3D printing is characterized by customizability, rapid prototyping, on-demand manufacturing, and decentralized/distributed manufacturing. Minced meat/surimi has high nutritional value, and by changing the composition, rheological and textural properties of the materials, 3D printed meat and aquatic products can meet the needs of special populations such as infants, young children, and the elderly, to solve the problem of swallowing difficulty, food accumulation or indigestion.
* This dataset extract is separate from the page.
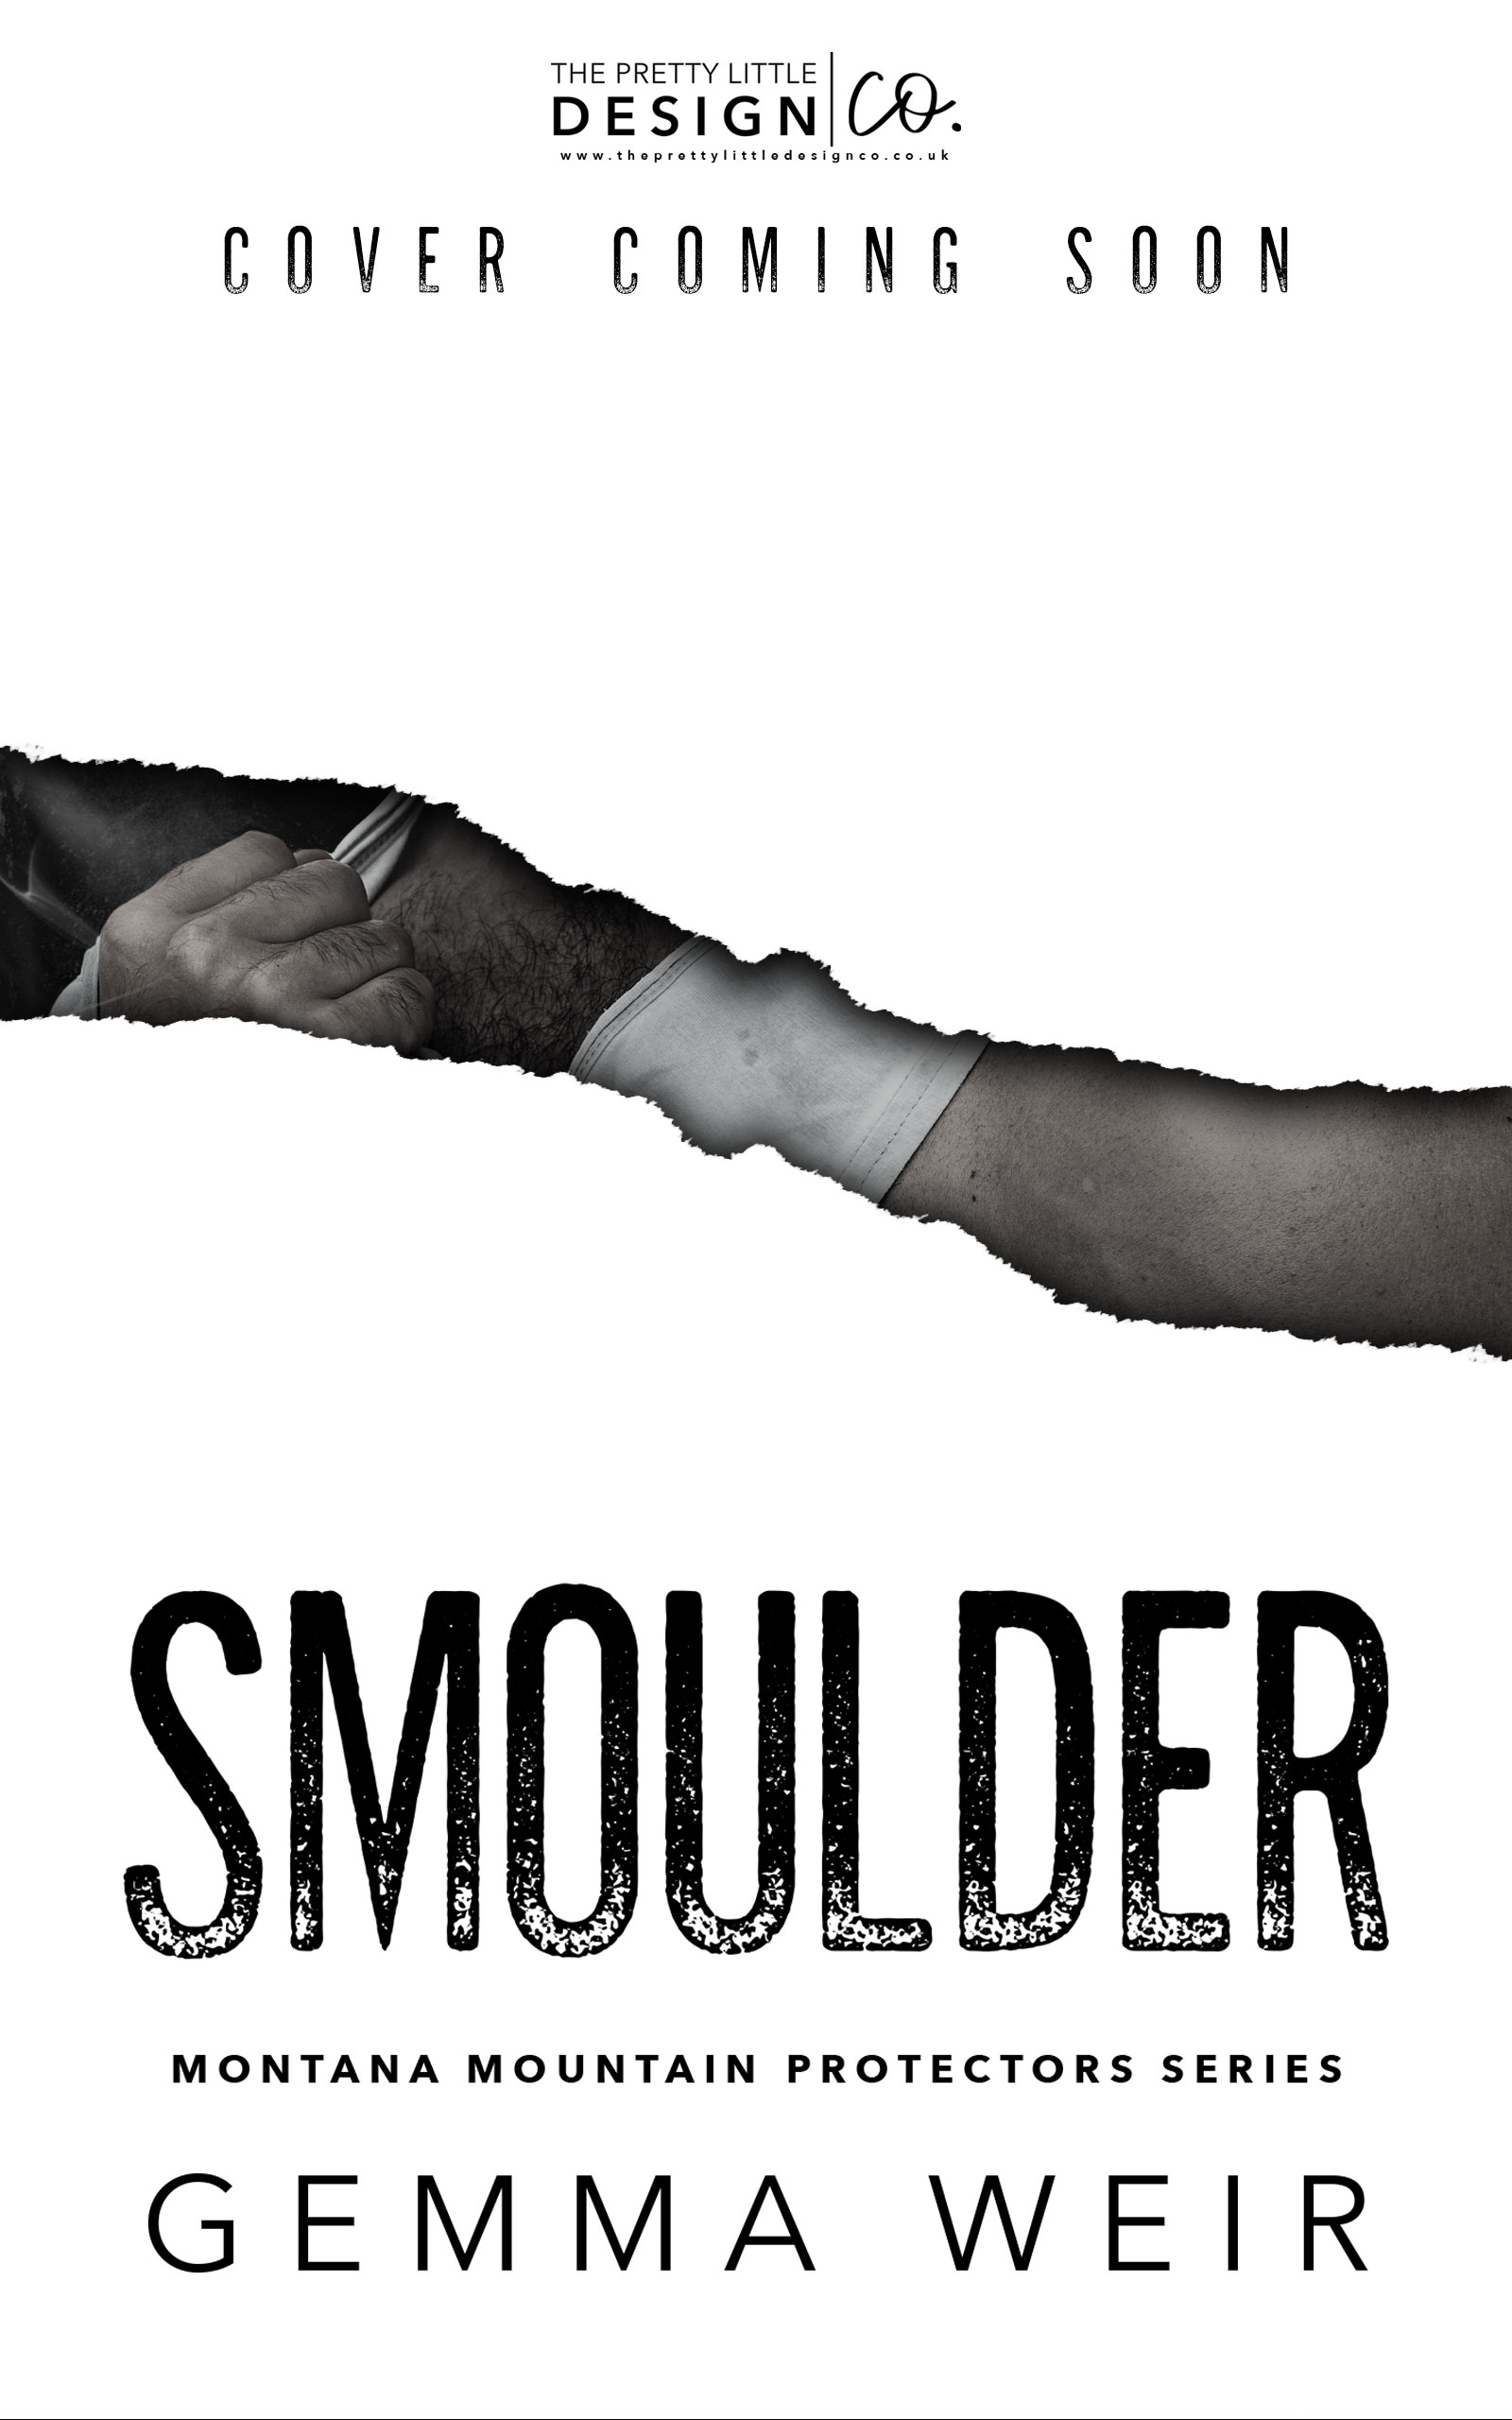 Smoulder - ebook teaser

However, minced meat/surimi is not directly printable, and the multi-component complex system composed of protein-polysaccharide-fat affects its printability, and the structure-property changes of this system during the printing process in relation to interactions and nutrient digestion still need to be explored in depth. This paper starts with the 3D printing process to illustrate the structural characteristics of raw materials on printability, stability, and adaptability. The digestive characteristics of different people for 3D printed minced meat/surimi products are described from the perspective of nutrition. 3D printing technology has a great potential to achieve precise printing in complex formulations, thus realizing the goal of providing specific nutrients to target populations.

Abstract Image

从结构和功能的角度分析3D打印肉糜/鱼糜的发展趋势
3D打印的特点是可定制性、快速原型、按需制造和分散/分布式制造。肉糜/鱼糜具有很高的营养价值,通过改变材料的成分、流变学和质地特性,3D打印的肉糜和水产品可以满足婴幼儿、老年人等特殊人群的需求,解决吞咽困难、食物堆积或消化不良的问题。但肉糜/鱼糜不能直接打印,由蛋白质-多糖-脂肪组成的多组分复合体系影响其可打印性,该体系在打印过程中与相互作用和营养消化相关的结构-性能变化仍需深入探讨。本文从3D打印工艺入手,阐述了原材料在可打印性、稳定性、适应性等方面的结构特点。从营养学的角度描述了不同人群对3D打印肉末/鱼糜产品的消化特点。3D打印技术具有很大的潜力,可以实现复杂配方的精确打印,从而实现为目标人群提供特定营养的目标。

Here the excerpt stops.